Snow Leopard is entirely right in emphasising the high quality of these early Lumière films and their continuing interest today. There is certainly no "pointing of the camera" at anything and everything. Quite the opposite. The films are quite obviously carefully planned and organised.
Although it is true that many of these films made by Louis Lumière himself have a "home movies" element; the two little girls are cousins, the daughters in one case of Louis himself, in the other of his brother Auguste, they are not "documentaries". They are not even in any meaningful sense "actualities" (this term is in any case a false one, a mistranslation of the French "actualités" which means newsreel films). They are "composed views" and develop tropes that are at the origin both of the later documentary and of the narrative film. This is a good example for there is a clear effort to give the film a narrative feel.
It was a popular film. The first know showing was in London on the 7th March 1896, just after the Lumière arrival there at the Empire Theatre and it was almost immediately copied by the Lumière's British rival, R. W. Paul, in a film called The Twins' Tea-party (clearly a staged film and neither home-movie nor "actuality").
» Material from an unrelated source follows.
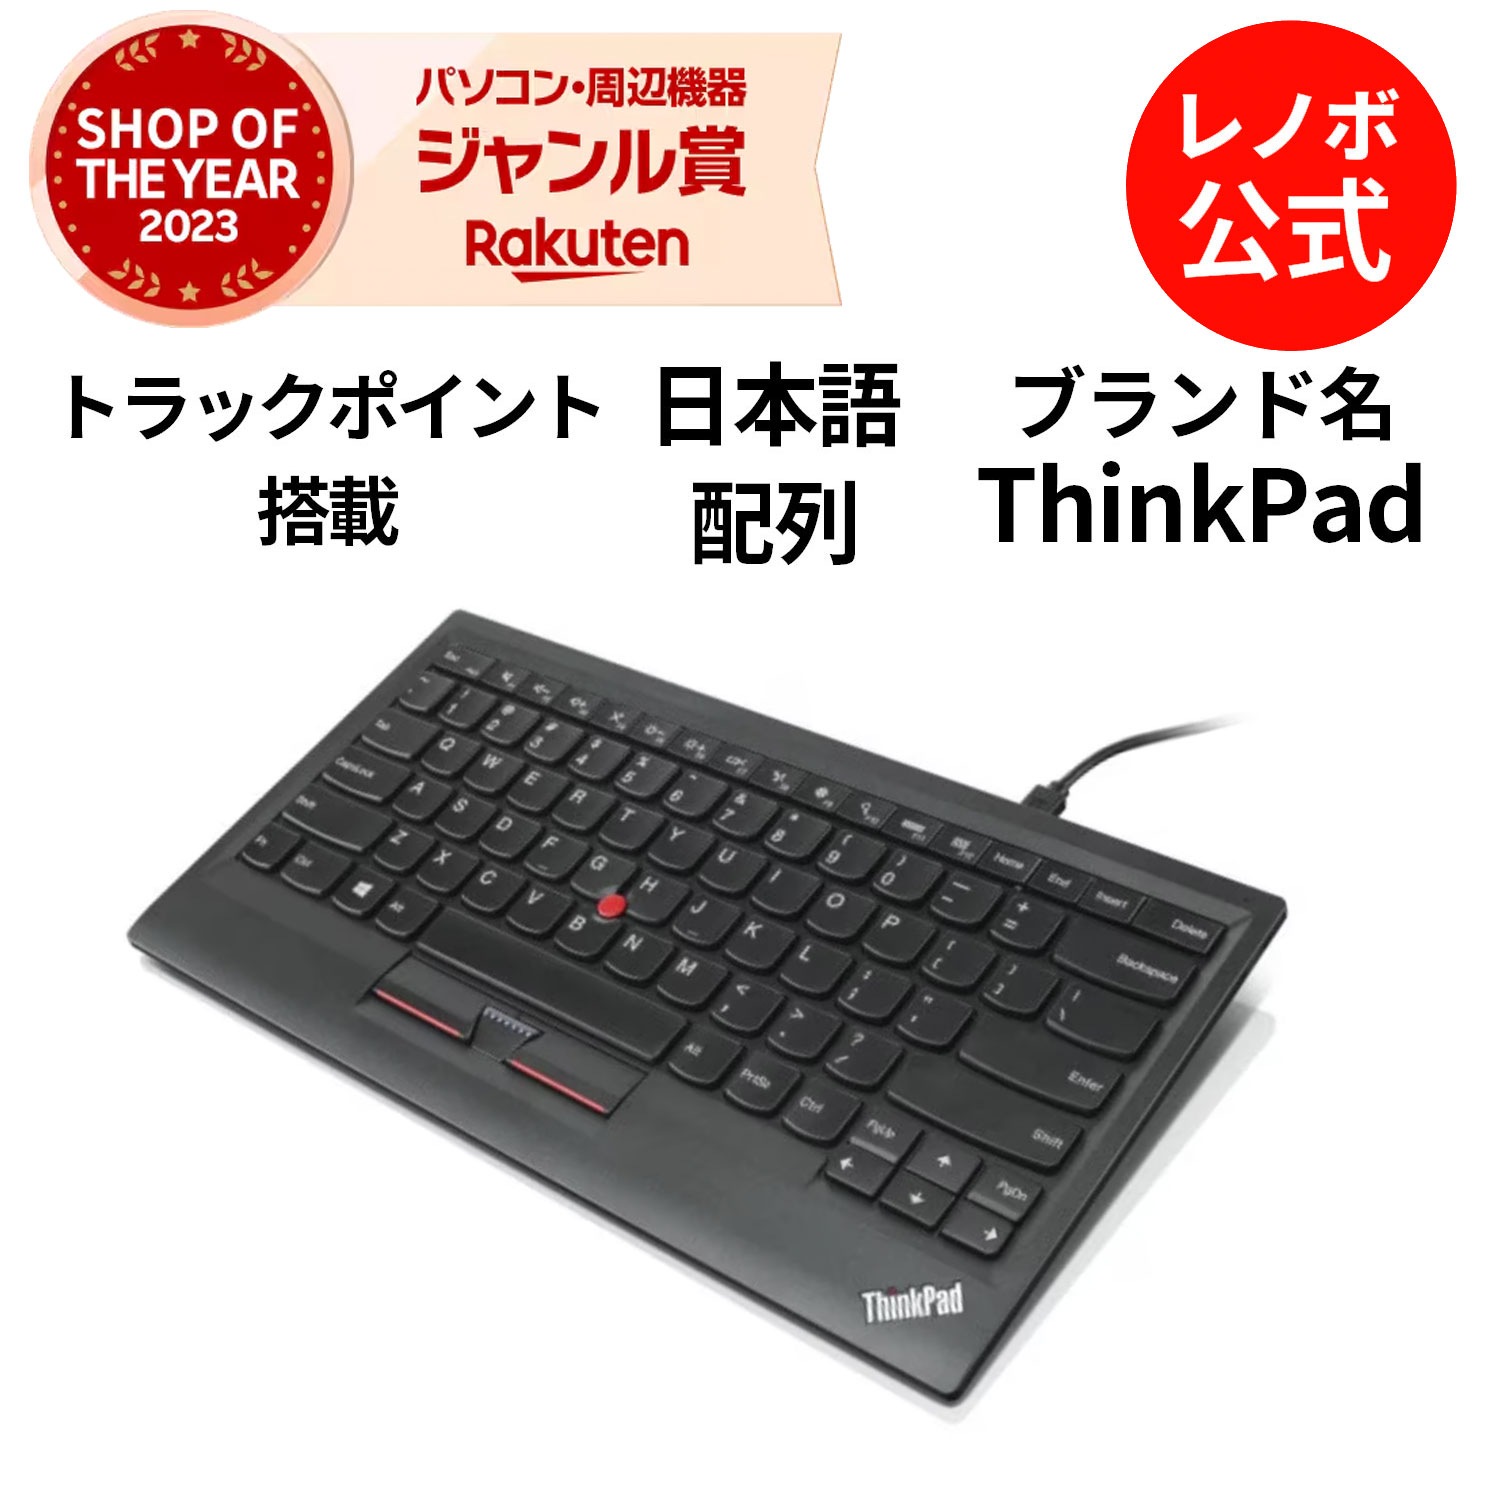 ThinkPad トラックポイント・キーボード-日本語

Unlike the genuine actuality, the news-films (they were actually called "topicalities" in English), which were reported limited to a particular time and place and made for quite different purposes, the "composed view" could always be copied and remade in this way.
Many of the Lumière composed views (think of the workers exiting from a factory or the arrival of a train in a station) became classic visual tropes that reappear constantly as elements of films throughout the history of cinema.